The Gap: What I Tell Leaders About AI vs How I Was Actually Using It
- Scott Bales
- 2 days ago
- 3 min read
In the keynotes, I talk about the AI adoption gap. The distance between where most organisations think they are with AI and where they actually are. The difference between having tools installed and genuinely changing how you think.
I've delivered this message probably a thousand times. I believe it completely. And for the better part of two years, I was living on the wrong side of it.
The stage version

On stage, I describe three stages of AI maturity in organisations. At the first stage, AI is a productivity tool; you use it to go faster on things you were already doing. At the second stage, AI starts to reshape workflows, and how it changes, not just the speed. At the third stage, AI becomes strategic infrastructure; it changes the questions you can ask and the decisions you can make.

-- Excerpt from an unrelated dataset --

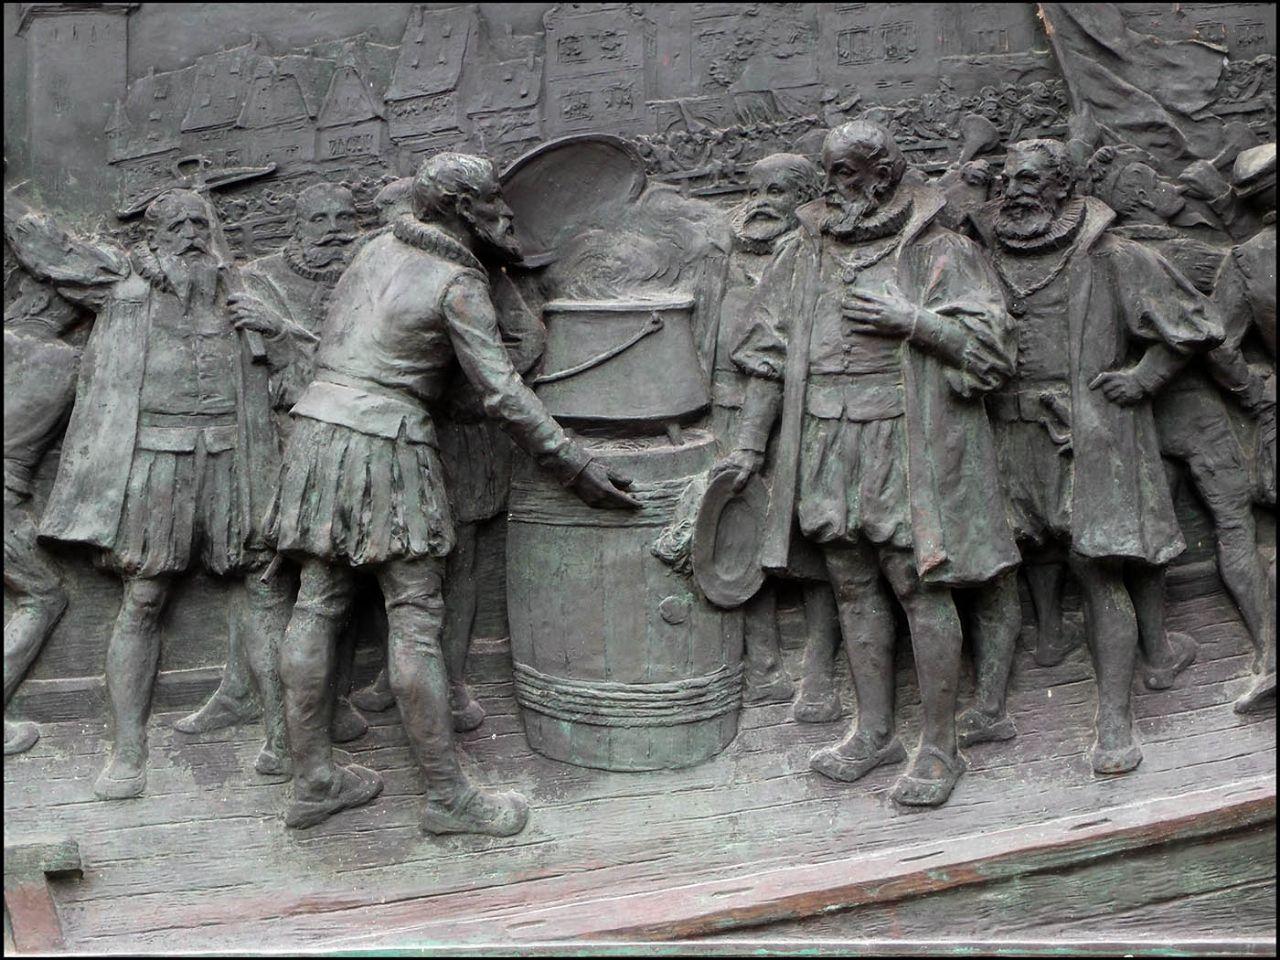 Необычные скульптуры Базеля Базель, Швейцария

I tell leaders that most of their organisations are stuck at stage one, even though they believe they're at stage two. That the jump from tool to infrastructure requires intentionality, not just access.
Then I fly home, open my laptop, and ask AI to draft a follow-up email.
The mirror version
The AI audit I ran on myself, the one I described in post two of this series, made this undeniable. I was operating at stage one. Comfortably, efficiently, professionally. But stage one.
I was using AI to produce faster. Not to think differently. Not to ask better questions. Not to challenge my own assumptions or expand what I was capable of seeing.
This is, I've come to understand, an extremely common pattern for people who speak or write about AI professionally. You develop a fluency in describing the transformation. The description becomes the thing. And the actual practice, the messy, uncertain, sometimes uncomfortable work of genuinely integrating AI into how you think, doesn't keep pace.
What I changed
The shift I made was deliberate and uncomfortable. I started treating every significant decision, problem, or piece of work as an AI collaboration, not a solo effort with AI assistance at the end. I'd start with AI. Challenge it. Build on what it gave me. Argue with it. Push it harder.
The keynotes got sharper. The frameworks got tested differently. The advice I gave to clients became more honest about where I'd personally experienced the friction, not just where I'd observed it.
I'm not claiming I've solved this. But I've closed the gap enough that standing on stage doesn't feel like a performance anymore. It feels like a report from the field.

Practical AI: Audit your prompts
Go back through your AI conversations from the last week. Read your prompts. Not the outputs, the prompts themselves. Ask:
Am I asking AI to do things, or to think with me?
Do my prompts reflect what I actually believe about AI's potential, or are they much more basic than that?
Where is the gap between what I tell others to do with AI and how I'm actually using it?
The prompts are a window into your actual relationship with AI, not the one you'd describe if someone asked.
An interesting exercise is to paste a week's worth of prompts into a document and then upload it as context into a different tool. Ask it to challenge you, to find new perspectives, and show you ways to see your own train of thought differently.